Let $$\Omega = \{(x_1,x_2)\in\mathbb{R}^2:x_1^2-x_2\leq 6\}$$
Prove that $\Omega$ is a convex set from first principles using the convex combination.
edit: Thanks Ewan for that, but I am trying to do it from the definition, i changed the question to state that now.
You have
$$\Omega = \{(x,y)\in\mathbb{R}^2:y \geq f(x)\}$$
where $f(x)=x^2-6$. Now $f$ is convex (because for example $f’’(x)=2 \geq 0$), so $\Omega$ is convex also.

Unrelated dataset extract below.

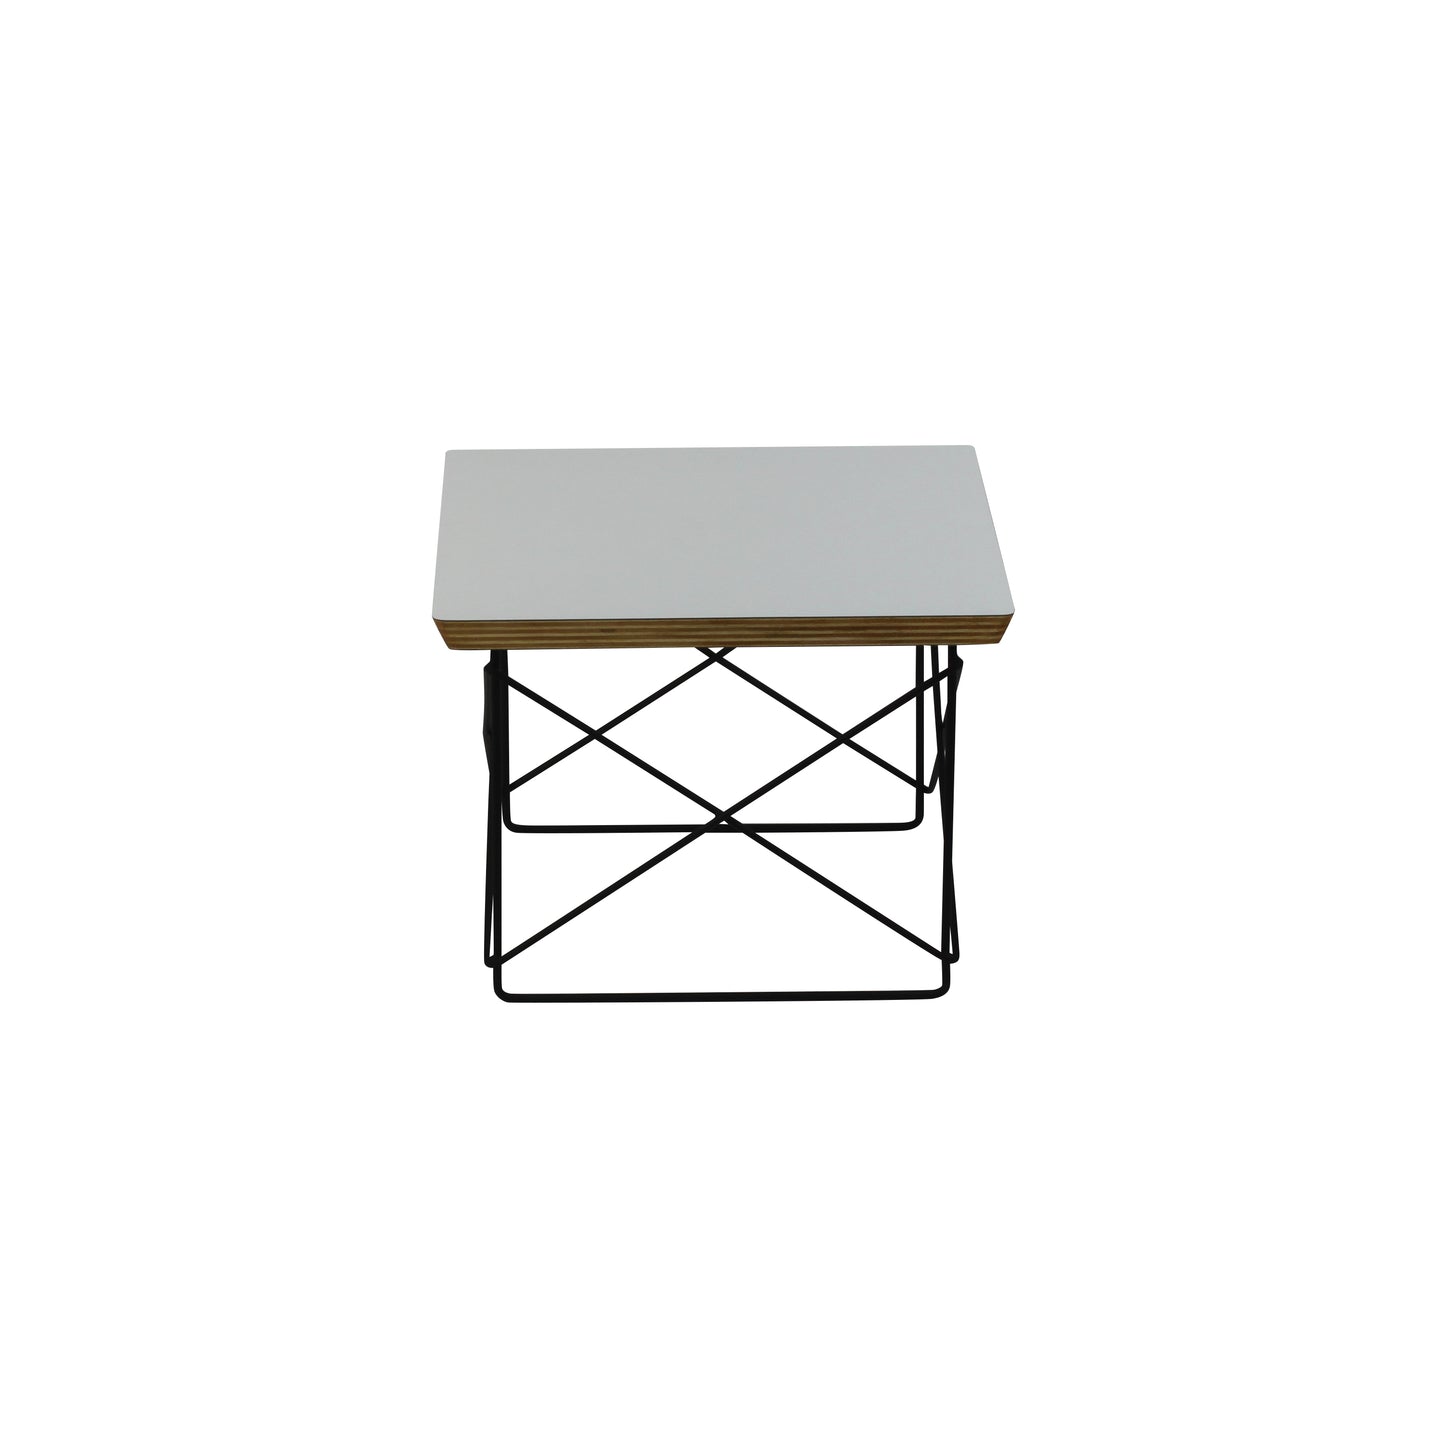 Eames style occasional table

If you want a derivative-free proof of the convexity of $f$ : for $\lambda \in [0,1]$ and $t_1,t_2 \in {\mathbb R}$,
$$ \lambda f(t_1) + (1-\lambda) f(t_2)- f(\lambda t_1+(1-\lambda) t_2)= \lambda (1-\lambda) ((t_1-t_2)^2) \geq 0 $$
If $M_1=(x_1,y_1)$ and $M_2=(x_2,y_2)$ are two points in $\Omega$, consider the convex combination $P=(1-\lambda)M_1+\lambda M_2=(x_3,y_3)$. Then
$$ x_3=\lambda x_1+(1-\lambda) x_2, \ y_3=\lambda y_1+(1-\lambda) y_2 $$
So
$$ y_3=\lambda y_1+(1-\lambda) y_2 \geq \lambda f(x_1)+(1-\lambda) f(x_2) \geq f(\lambda x_1+(1-\lambda) x_2)=f(x_3) $$
so $P\in\Omega$, and $\Omega$ is indeed convex.